Lolita de Vladimir Nabokov propose une double vision de la conquête. À celle de Lolita, il faut adjoindre celle du territoire américain. La notion de pionnier s’impose au long du roman, sous forme de voyages entrepris par les protagonistes ou dans l’idée de conquête d’un territoire vierge. Il en va de l’imposition d’un pouvoir sur un sujet objectivé, d’un désir de possession. Si la conquête américaine était conduite par le « Manifest Destiny », celle de Lolita s’inscrit dans la frustration d’un amour passé et non concrétisé. La destinée manifeste des États-Unis fut de peupler le continent et d’y implanter leurs institutions, parce qu’elles étaient, à leur avis, supérieures aux européennes.

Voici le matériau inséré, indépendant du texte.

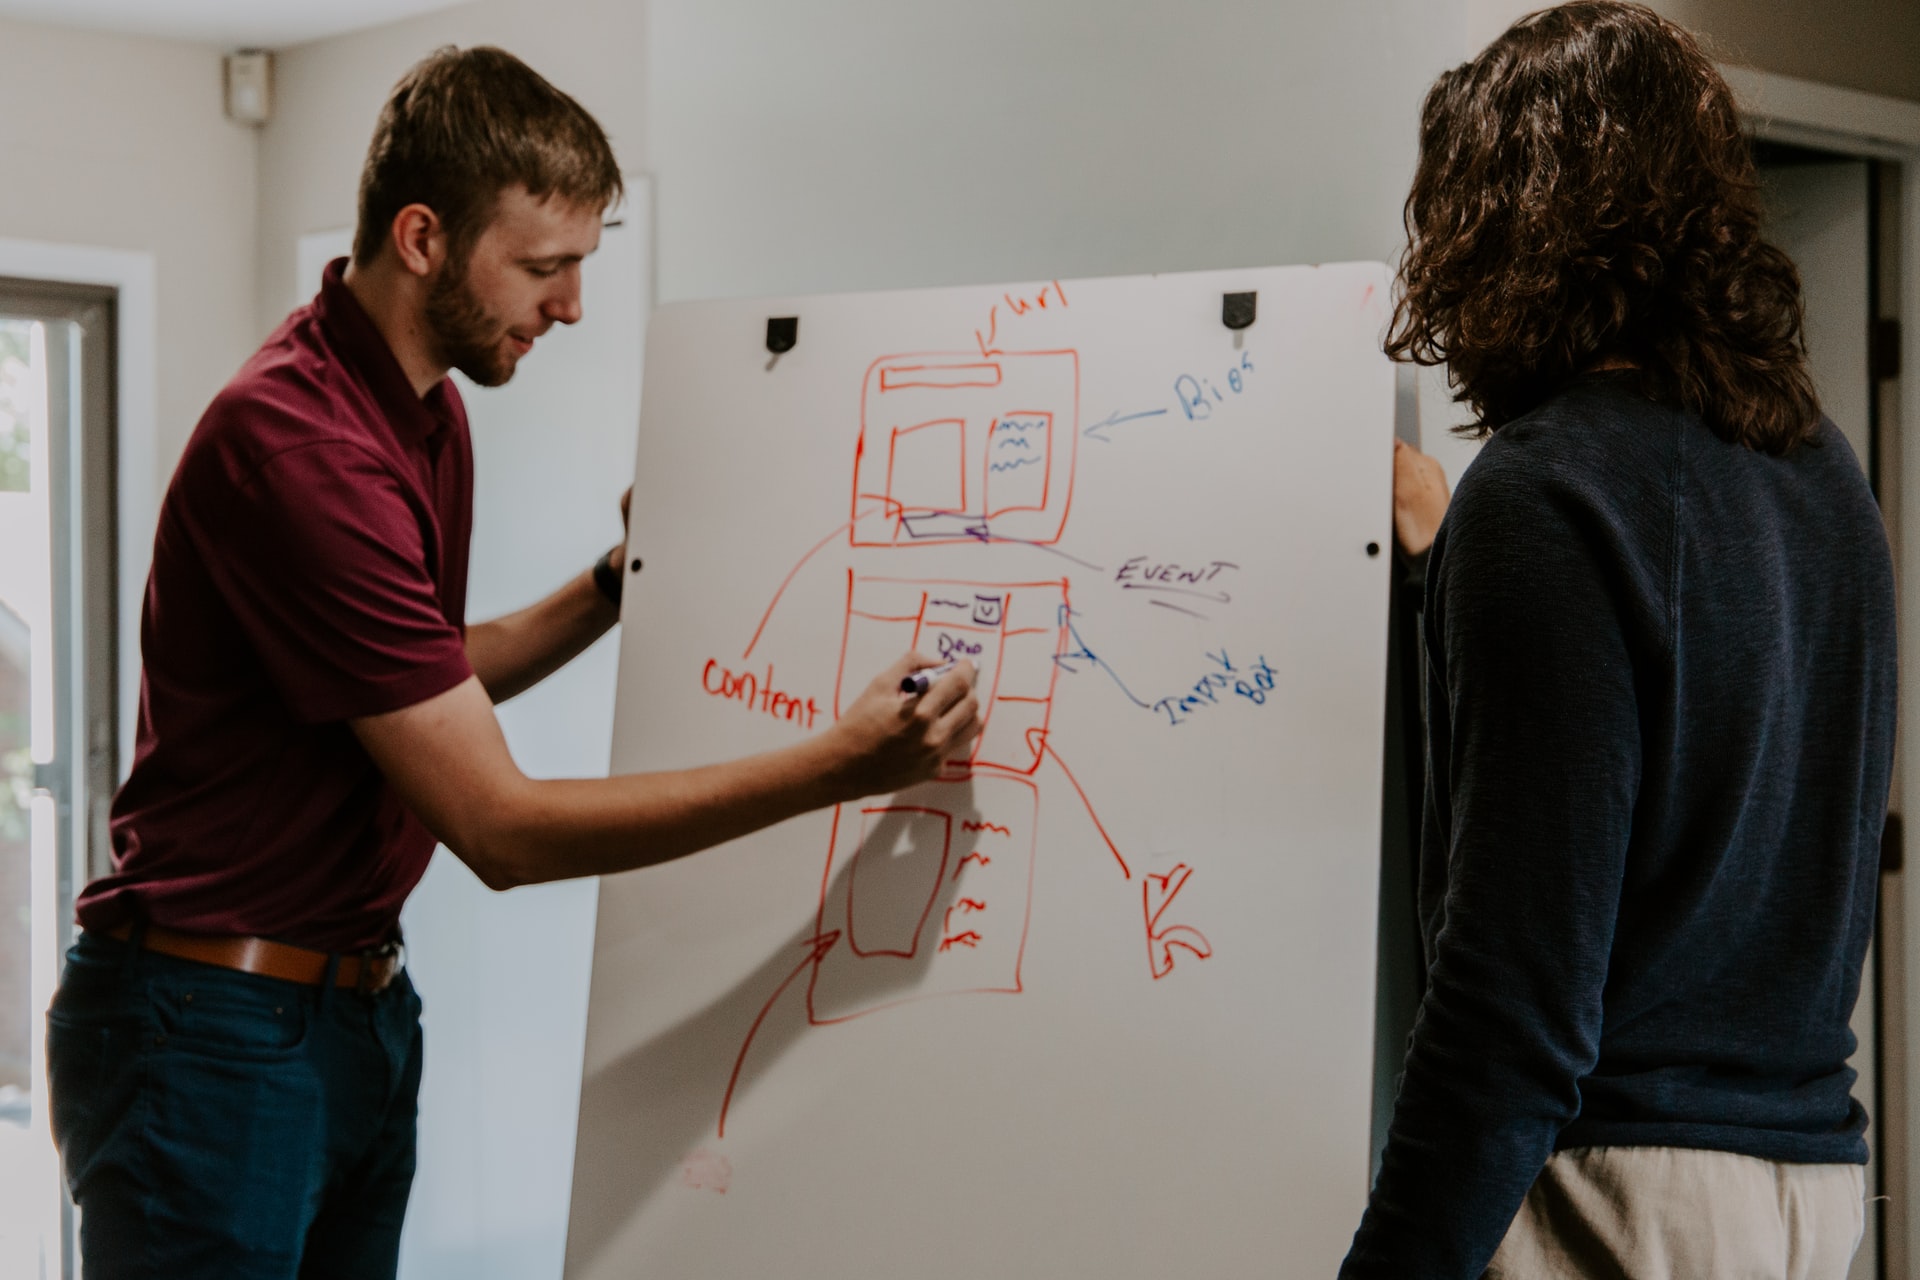 Two person developing an application design while one of them is drawing on a whiteboard

Cette destinée implique pour eux une mission à remplir, une sorte de mystique de l’expansion, qui marquera culturellement et politiquement les États-Unis. Ces aspects amoureux et colonisateurs sont présents dans les films tirés de Lolita. Si les deux œuvres cinématographiques représentent une idée colonisatrice pionnière par l’omniprésence des déplacements en voiture, elles se distinguent par le traitement même de la relation.

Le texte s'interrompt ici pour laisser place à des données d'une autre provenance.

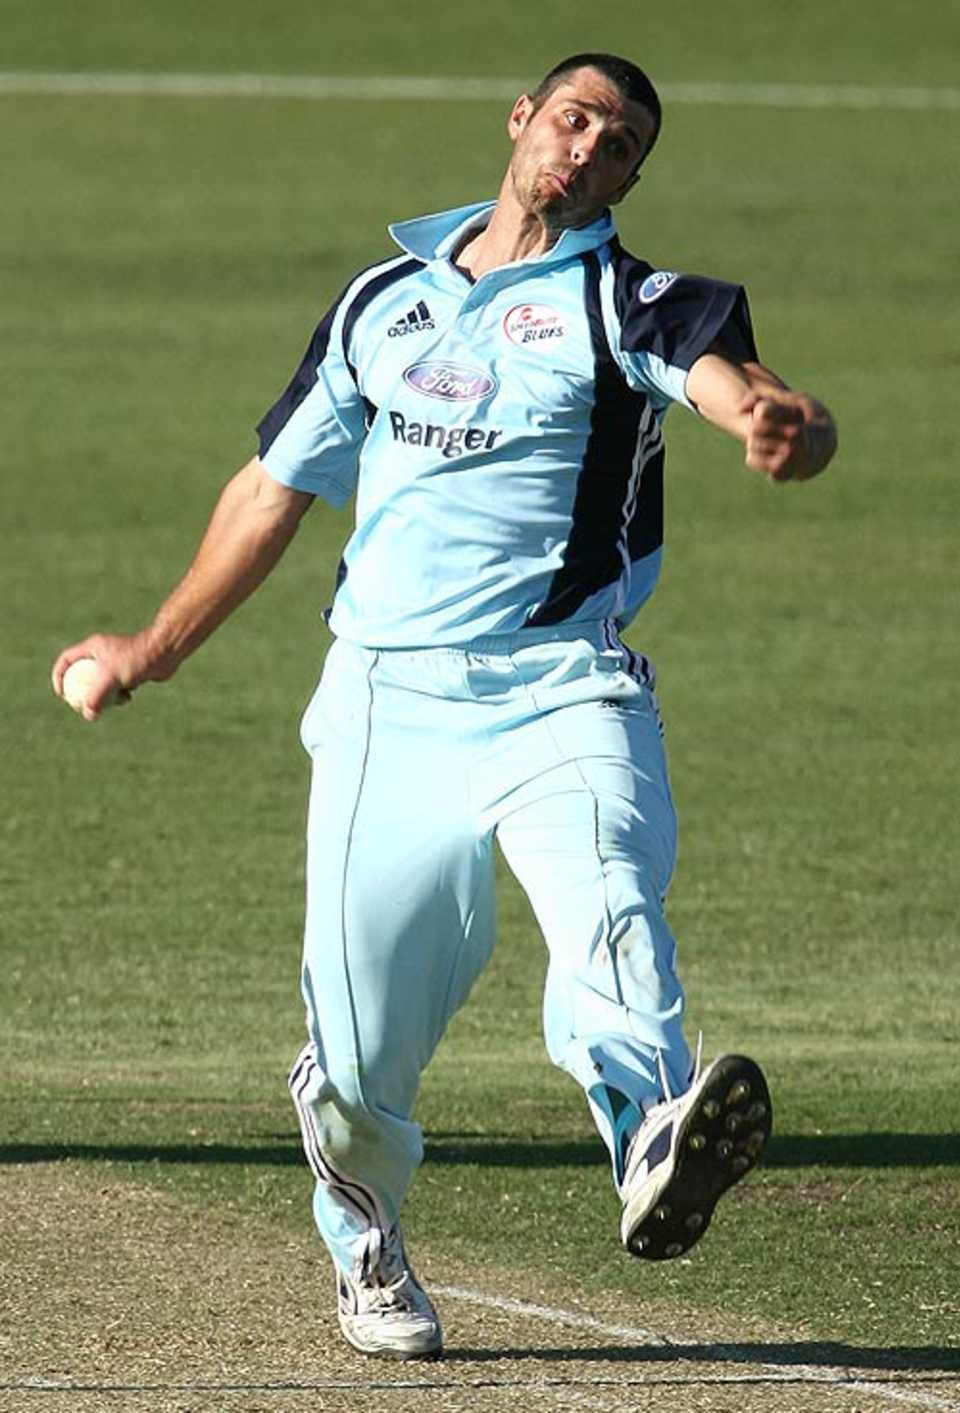 Mark Cameron claimed 2 for 55 on debut

Le parallèle s’opère dans le vouloir d’appartenance. Est à suivre, un destin choisi ou un désir pervers. Tel un legs pour le peuple choisi, Lolita va incarner la Terre Promise, sa virginité en fera ressortir l’aspect sacré. Cette notion de vouloir fut qualifiée par Freud de « pulsion d’emprise ». Elle « s’inscrit dans un registre phénoménologique […] désignant l’action appropriative » (Denis 1997 : 9). À l’image de Freud, il faut distinguer pulsions sexuelles et pulsion d’emprise, mais rapprocher à cette idée d’emprise la violence et l’agressivité. L’imposition en est dépendante et le terme de « viol-ence » sera repris dans la lettre de Lolita et dans les dires de la jeune nymphette à l’encontre de son persécuteur. Cette notion nous aide ici à mieux comprendre le parallèle entre l’inceste, la prise d’un territoire et la violence qui en découle.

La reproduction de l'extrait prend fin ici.